Так даже человек левых взглядов, полный восхищения перед Горьким и нежности к нему, был поражен его духовной изоляцией посреди этих мельтешащих посетителей. Он догадывался о смятении писателя, доведенного до полной беспомощности тем, что всецело подчинился идеологии. В этом национальном герое он видел прежде всего узника. У опекаемого со всех сторон окружением «старого медведя», по словам Роллана, «в губе кольцо».
Расставались Горький с Роменом Ролланом в конце июля 1935-го на вокзальной платформе в Москве как два близких друга, понимающие друг друга без слов. Ромен Роллан увозил в сердце воспоминание о потерявшемся человеке, одиноком, грустном, придавленном собственной славой. В некоторые вечера, вспоминая о своем прошлом, Горький должен был признать, что прошел весьма странный путь, начав с анархической свободы и отказа от почестей и придя к полному повиновению и к признанию властями. Не сбился ли он с дороги? Не потратил ли он свою жизнь зря, так хорошо преуспев в ней?
Действительно, с того самого момента, как он примирился с большевиками, власть манипулировала им. Иногда он отдавал себе в этом отчет, но тотчас в ужасе отбрасывал эту мысль. Его международным престижем пользовались, чтобы выклянчить у заграницы помощь голодающим в 1920 году, чтобы попытаться притянуть на сторону революции интеллигенцию в 1928-м, чтобы завербовать писателей в «инженеры человеческих душ» начиная с 1932-го. Все эти годы зрелости и старости были отняты у чистого искусства, чтобы быть отданными политической полезности. В своей безграничной наивности он стал пешкой на шахматной доске государства. Это было, впрочем, неизбежно. Какой другой писатель в СССР имел на Западе его статус, его признание?
Большая часть крупных имен в русской литературе избрала изгнание. Для советских властей Горький был единственным, кто мог с пользой играть как внутри страны, так и за рубежом роль образца революционных добродетелей.
11 августа 1935 года он приехал в город, который теперь носил его имя, Горький, и, в сопровождении своей снохи и двух своих внучек сел на новенький пароход, чтобы отправиться вниз по Волге. Пароход этот, словно по совпадению, тоже назывался «Максим Горький». Путешествие было тяжелым.

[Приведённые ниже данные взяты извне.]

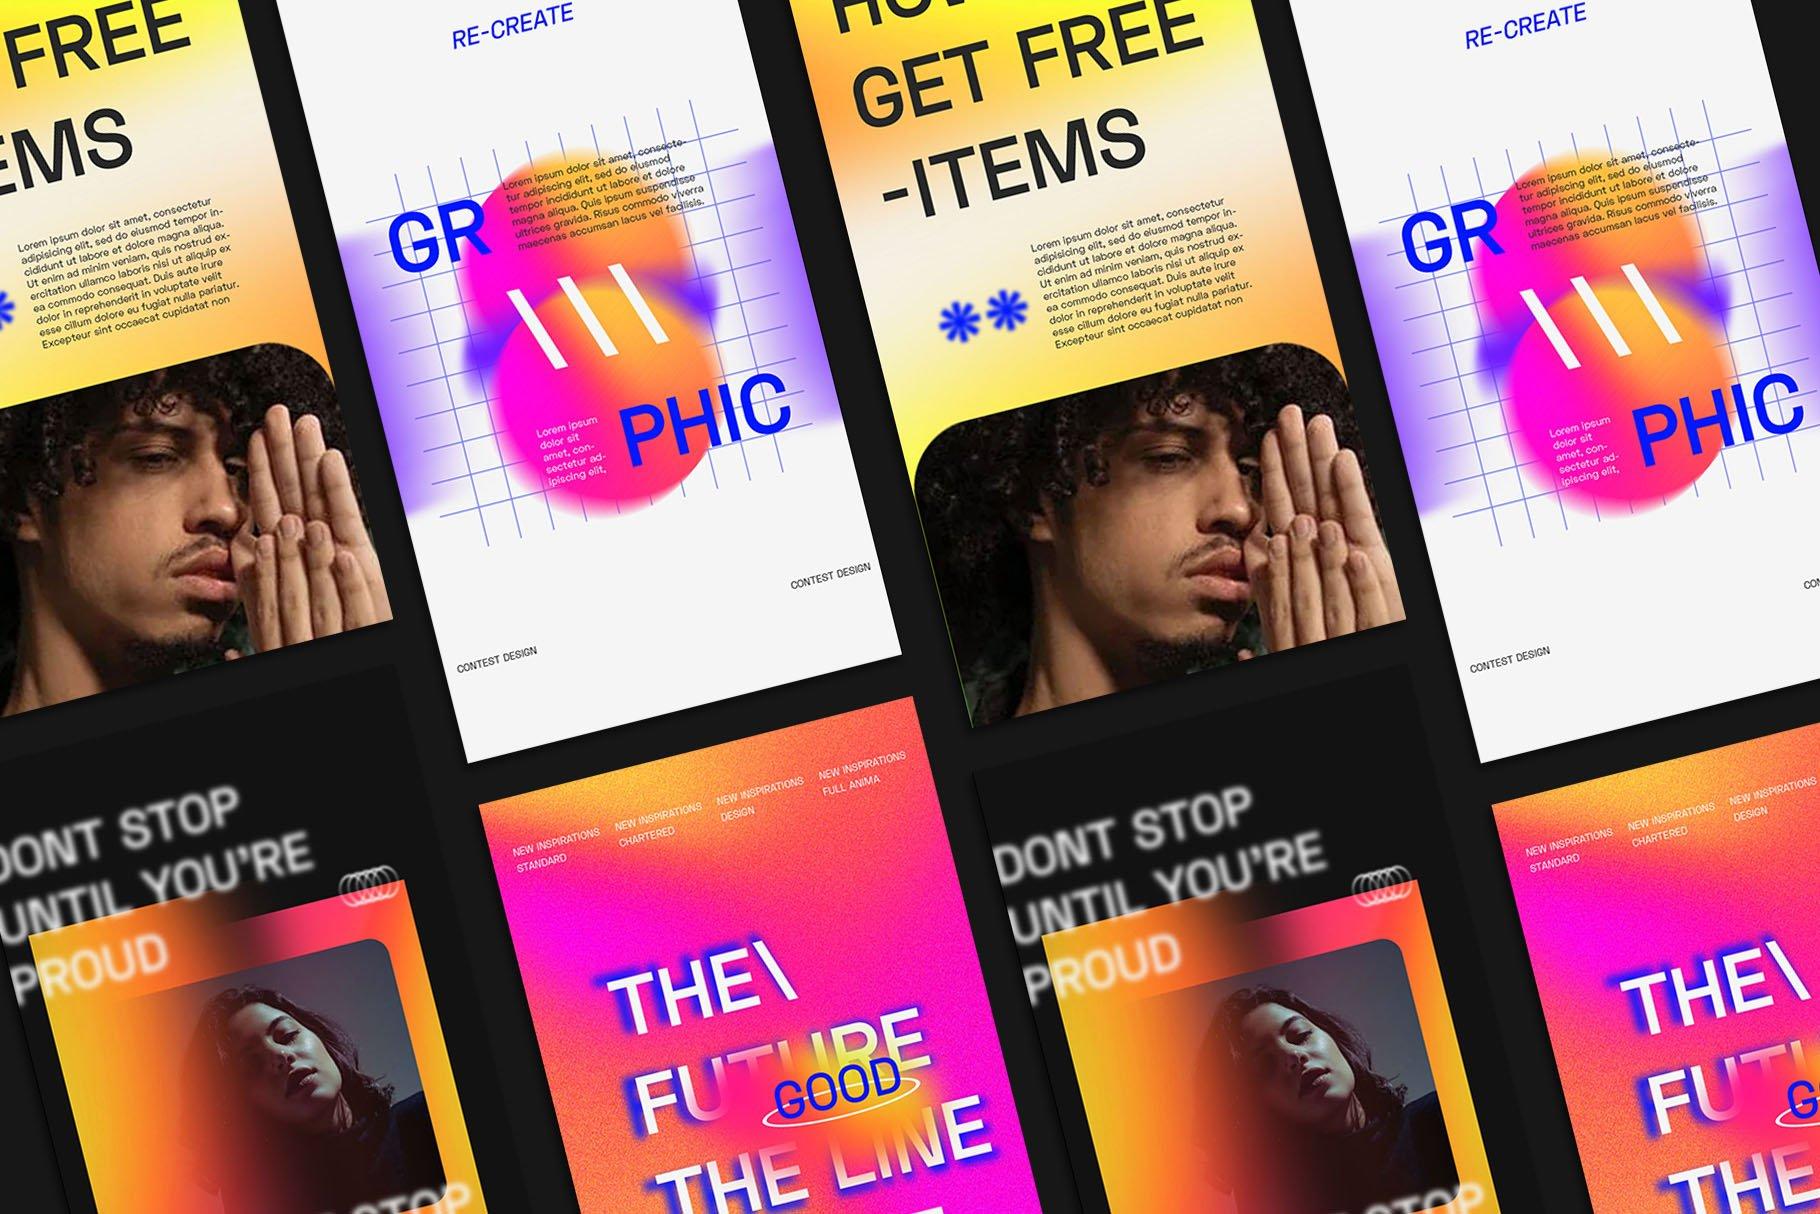 时尚潮流虹彩渐变品牌推广新媒体电商海报设计PSD模板素材 Gradiyent Instagram Templates插图3

Стояла невыносимая жара. Вибрация машин действовала Горькому на нервы. Он плохо спал и с трудом дышал. Однако на каждой пристани он встречался с членами местных Советов, делегатами от рабочих и расхваливал перед ними, не зная усталости, культурные и промышленные успехи, свидетелем которых стал.

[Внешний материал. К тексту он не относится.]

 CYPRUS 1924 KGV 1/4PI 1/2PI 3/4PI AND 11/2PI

Долгий отдых в Крыму не смог поправить его здоровье. Он и там принимал многочисленных посетителей, среди которых был Андре Мальро. Изнуренный болезнью, он все же с жаром говорил с ними о таланте Арагона и Шолохова. Но он был настолько слаб, что не мог поехать в Париж на съезд, где должен был защищать культуру. Дом, который был предоставлен ему в Крыму, был окружен обширным запущенным садом. Между двумя периодами литературных занятий он работал в саду, копая землю, подметая дорожки, сажая цветы. Когда он предавался физическому труду, неподалеку всегда стояла установка с кислородной подушкой. При малейшем неприятном ощущении он торопливо шел наверх. Как он писал Ромену Роллану 22 марта 1936 года: «Я боюсь только одного: остановится сердце раньше, чем я успею кончить роман».